I've been thinking a lot lately about relationships. They seem to be both our greatest place of potential joy and our greatest challenge.
This is especially true when we are facing the hard times in life when we feel broken. Our relationships have the potential to either be our greatest source of comfort and support or our greatest source of undermining and oppression. (And sometimes they are a bit of both!)
As I've been pondering this, I came across the following quote and was struck by the power of the truth it communicates.
“Generally, between two people, there is very little real meeting.
There is only the coming together of two patterns.
Live in your surroundings as if for the first time. Be without qualifications.
In this nakedness you are beautiful and every moment is full of life.”
Think about that. In even the most precious and vulnerable of our relationships, how often do we really meet the other person as they really are and as we really are?
We are so much more likely to show up unconsciously in our default roles and patterns without truly seeing the other person or allowing our true self to come to the surface.
What are the patterns you generally show up as?
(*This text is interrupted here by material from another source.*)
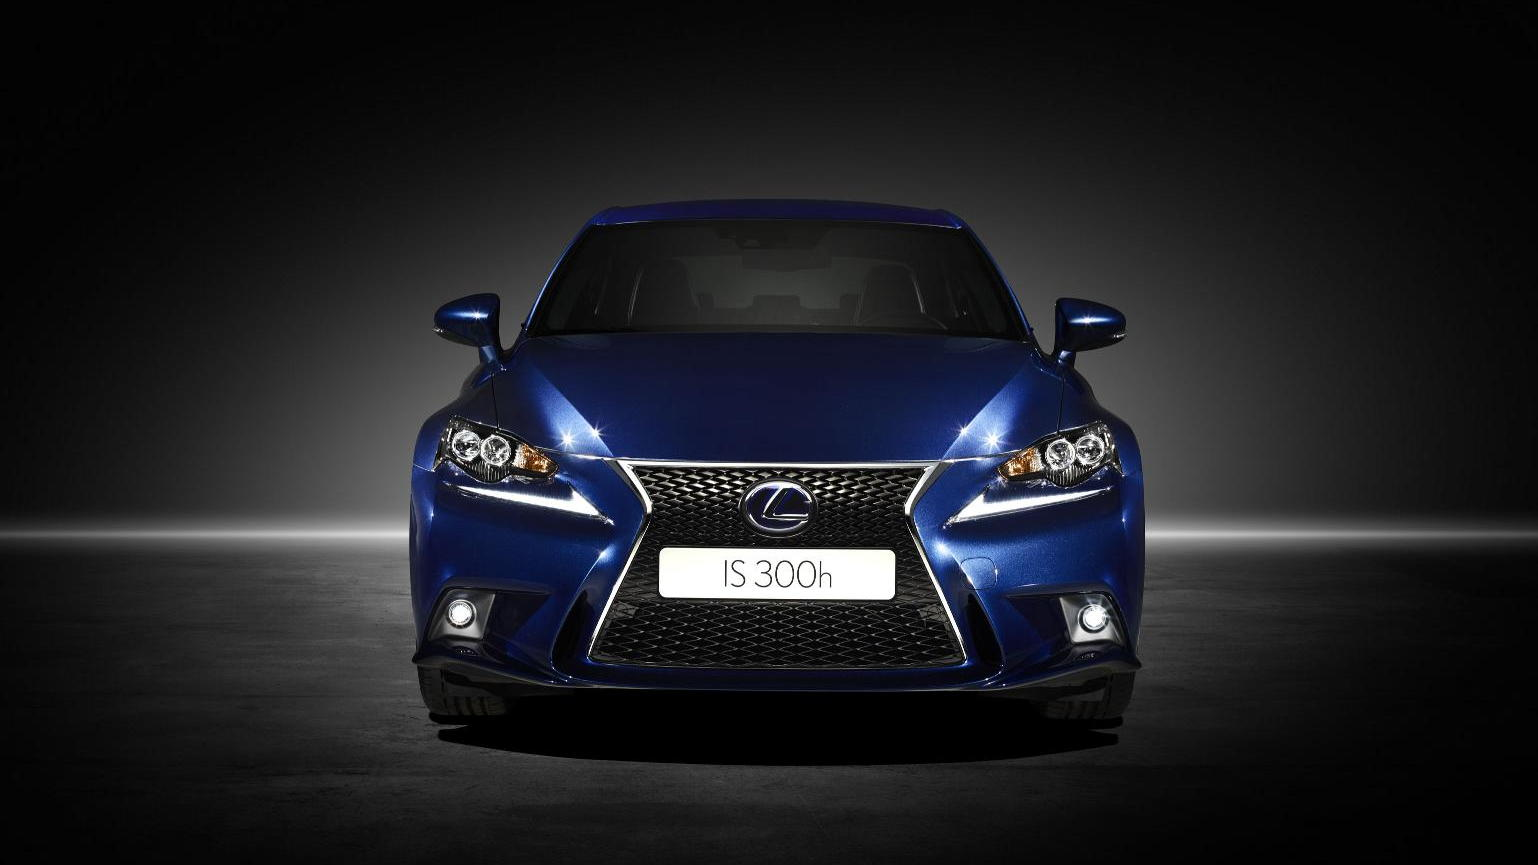 2014 Lexus IS 300h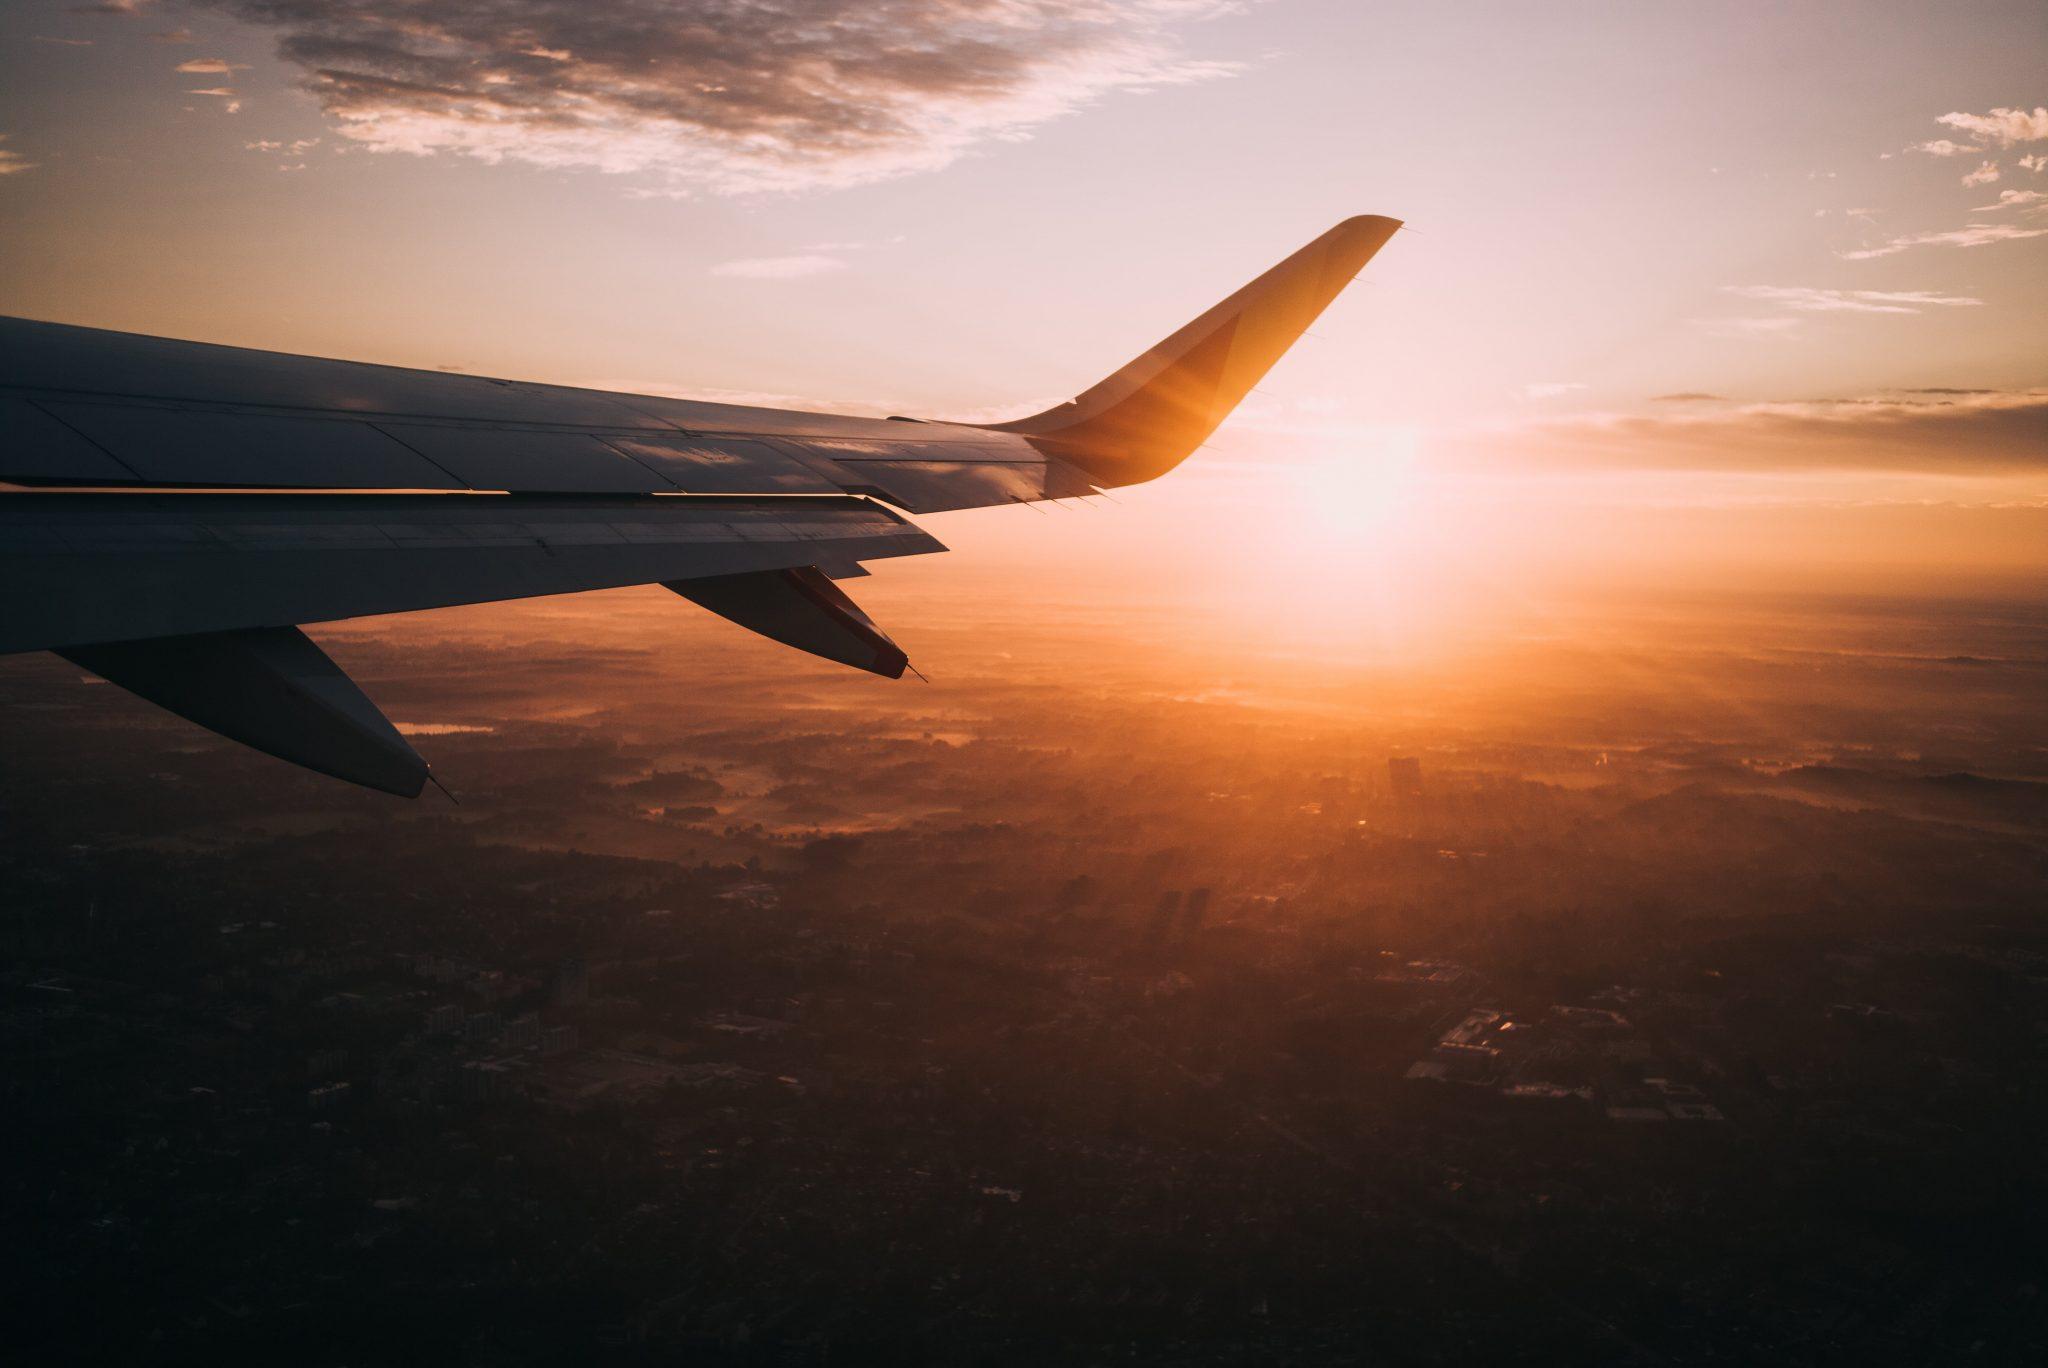 Voli interni tra le isole Hawaii: cosa sapere e quale compagnia scegliere consigli suggerimenti volo viaggio viaggi meteo Google informazione aiuto

Are you the calm one? the emotional one? the funny one? the serious one? the efficient one? the laid-back one? the generous one? the demanding one? the angry one? the martyr? the peacemaker? the problem solver? the complainer? the perfectionist? the fun lover? the neat one? the messy one? the co-dependent? the narcissist? the caregiver? the dependent one?
Which relationships trigger which of these patterns in you?
Which patterns do you see in the people you are in relationships with?
(And if you don't believe that these patterns exist, pay attention at the next big family gathering with your family of origin and watch how quickly you, your parents, and your siblings revert to your childhood roles and patterns, even if you've outgrown those roles and patterns everywhere else!)
What would it mean for you to set aside your typical roles and patterns in your next interaction and just show up to meet that which is in front of you without the mask?
What would it mean for you to set aside your expectations of the other person as an embodiment of their usual patterns and wait to see how they actually show up?
This is not an easy thing to do. Our patterns are so deeply ingrained in us that we often can't even see them. They feel like they are just "who we are."
This makes it feel like we have no choice in how we act and respond, but the truth is that we always have choices that we just can't see or recognize because our patterns blind us to the many other possibilities available.
Part of my own healing journey over the past several years has been an intense scrutiny of my default reactions to people and situations to discover my own patterns. This came out of the realization that so many of the challenges I face in life are (at least partially) self-inflicted by reactive patterns that are no longer serving me.
These patterns have often taken difficult situations and made them even more painful, challenging, and damaging than was necessary due to my unhelpful and unskillful ways of reacting (both internal emotional reactions and external words and actions).
I've been slowly excavating these patterns so that I can at least now see them as they play out. As I learn to recognize them, I have a better ability to choose other options instead of my usual patterns. (And sometimes it's just a matter of recognizing partway into a reactive pattern that it has taken over and finding a way to detour to a more helpful response midway through.)
Stripping away these patterns often feels emotionally like nakedness. It's a vulnerable space to inhabit without my usual patterns as my armor to dictate my responses.
Choosing fresh ways of responding that are different from my usual patterns often feels awkward and uncomfortable, like trying to learn the steps to a new dance in the middle of a crowded dance floor.
And yet, for all of the discomfort, there's also a freedom and a freshness and a new intimacy that comes in those moments when I am able to allow the patterns to fall away and meet life and the people in my life as they are with my naked self.
It can be especially hard to do this in times of brokenness and pain when we already feel so very vulnerable, but those times can also offer great opportunity to allow our patterns to become part of the rubble left behind. The very shaking of our lives that has left us feeling so broken and unsettled can bring the space for change and transformation, if we let it.
Part of kintsugi living is choosing these ways of discomfort and challenge even (or perhaps especially) in life's hard times because our commitment to growth and healing is greater than our desire for the comfortable status quo.
What would it take to shed your usual patterns, even for a moment, and meet this moment just as it is with your unguarded self?